■ Data extract ■
* * *

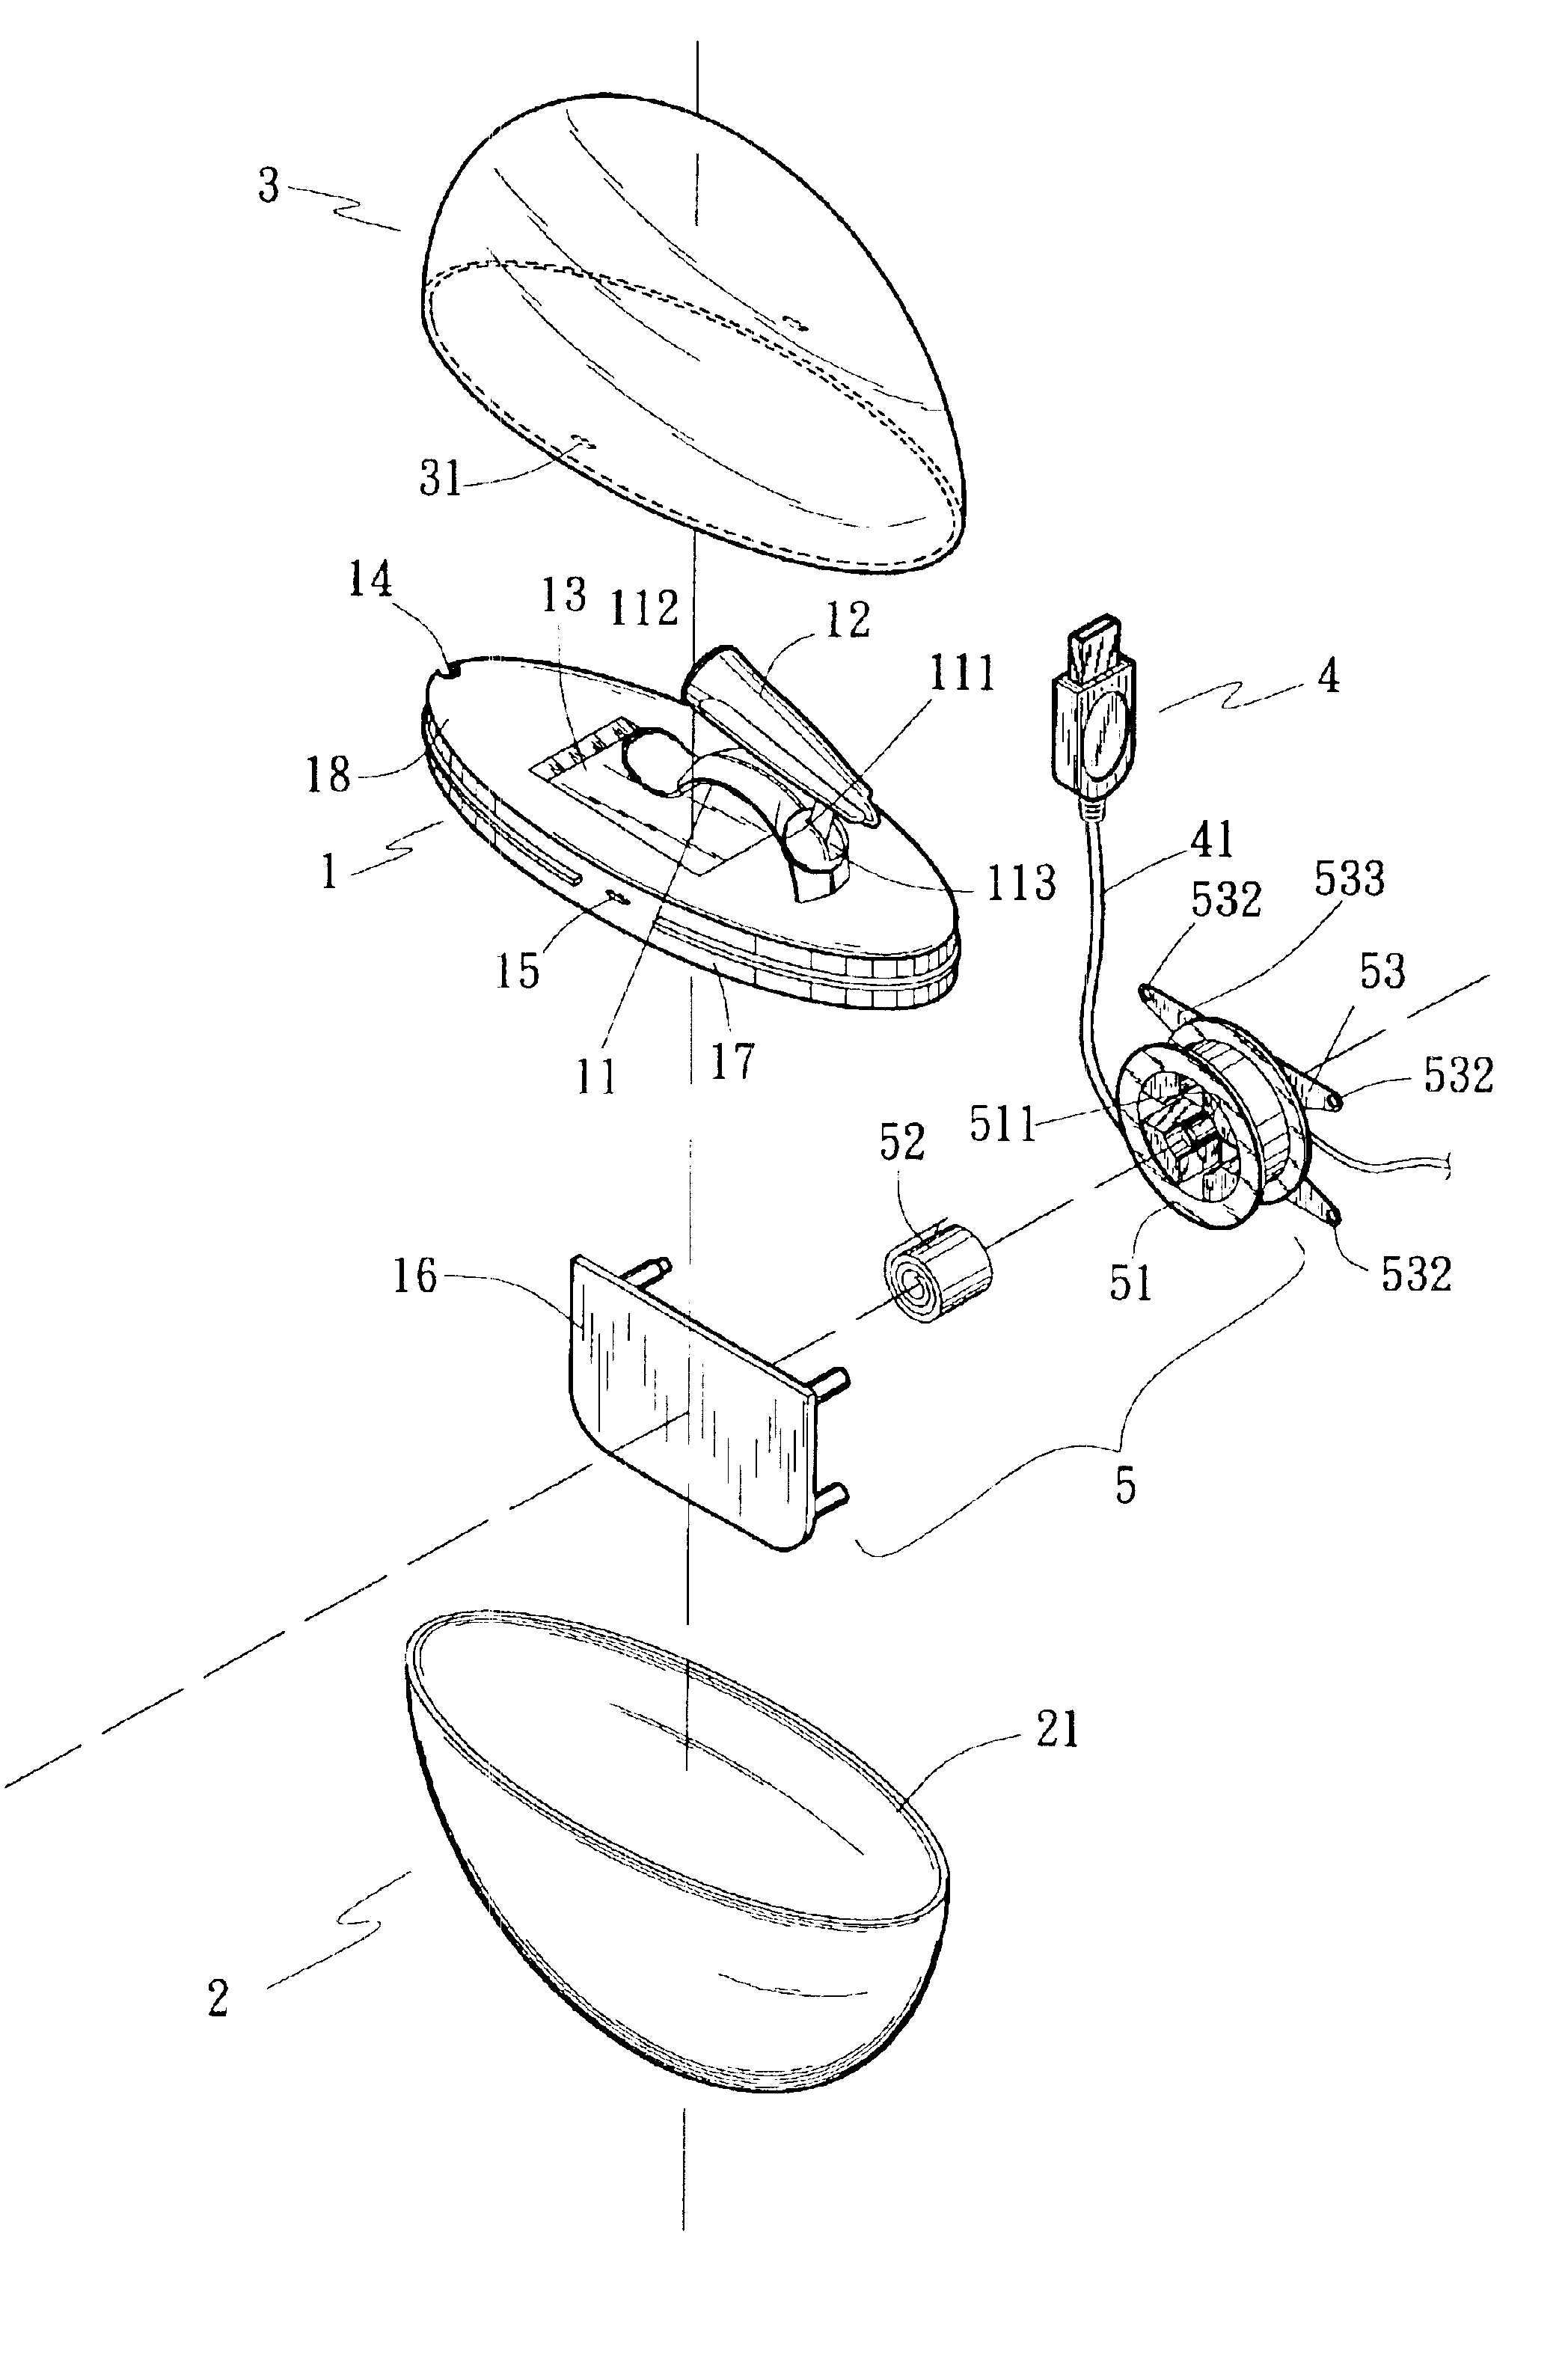 Computer light with extensible electric conductive wire
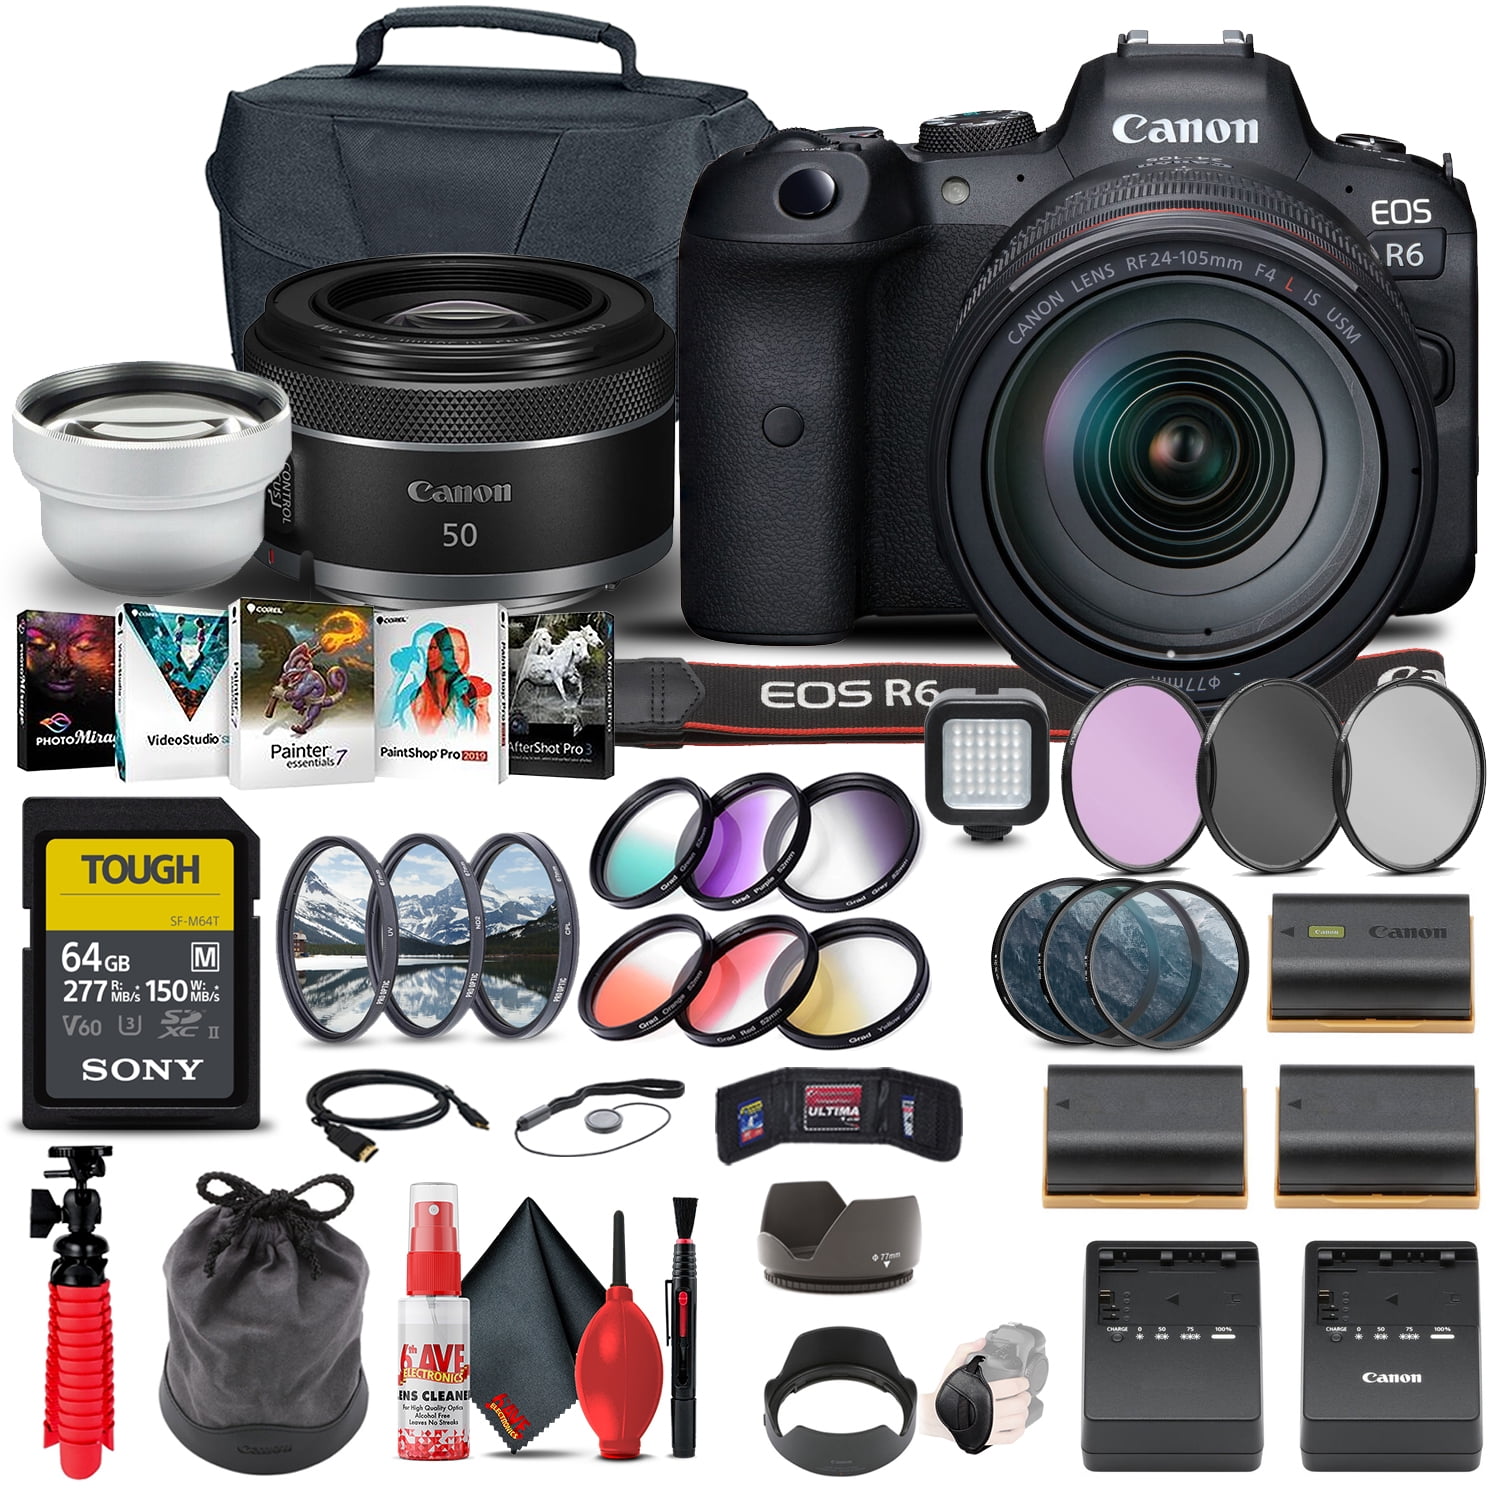  Canon EOS 6D Mark II DSLR Camera with 24-105mm f/4L II Lens  (1897C009) + 64GB Memory Card + Color Filter Kit + Case + Filter Kit +  Corel Photo Software +
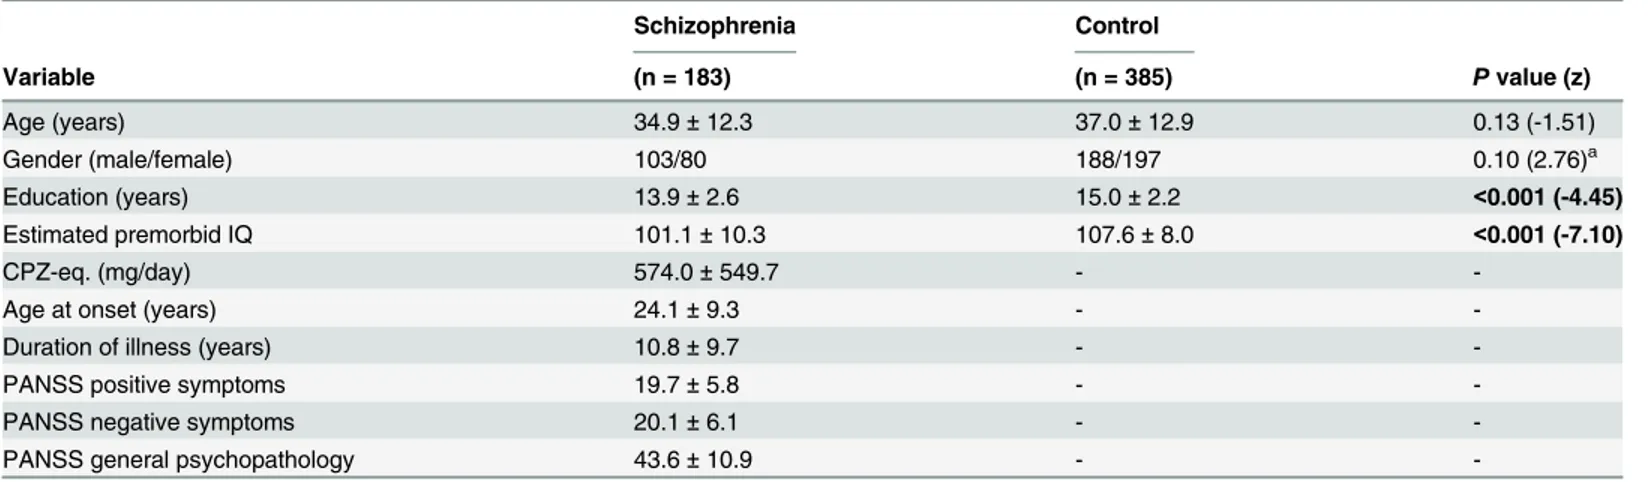 Table 1. Demographic information for patients with schizophrenia and healthy controls.

* * *

Reproduce the data verbatim. Do not carry any picture into the copy.

 Computer light with extensible electric conductive wire
  Canon EOS 6D Mark II DSLR Camera with 24-105mm f/4L II Lens  (1897C009) + 64GB Memory Card + Color Filter Kit + Case + Filter Kit +  Corel Photo Software +
 Table 1. Demographic information for patients with schizophrenia and healthy controls.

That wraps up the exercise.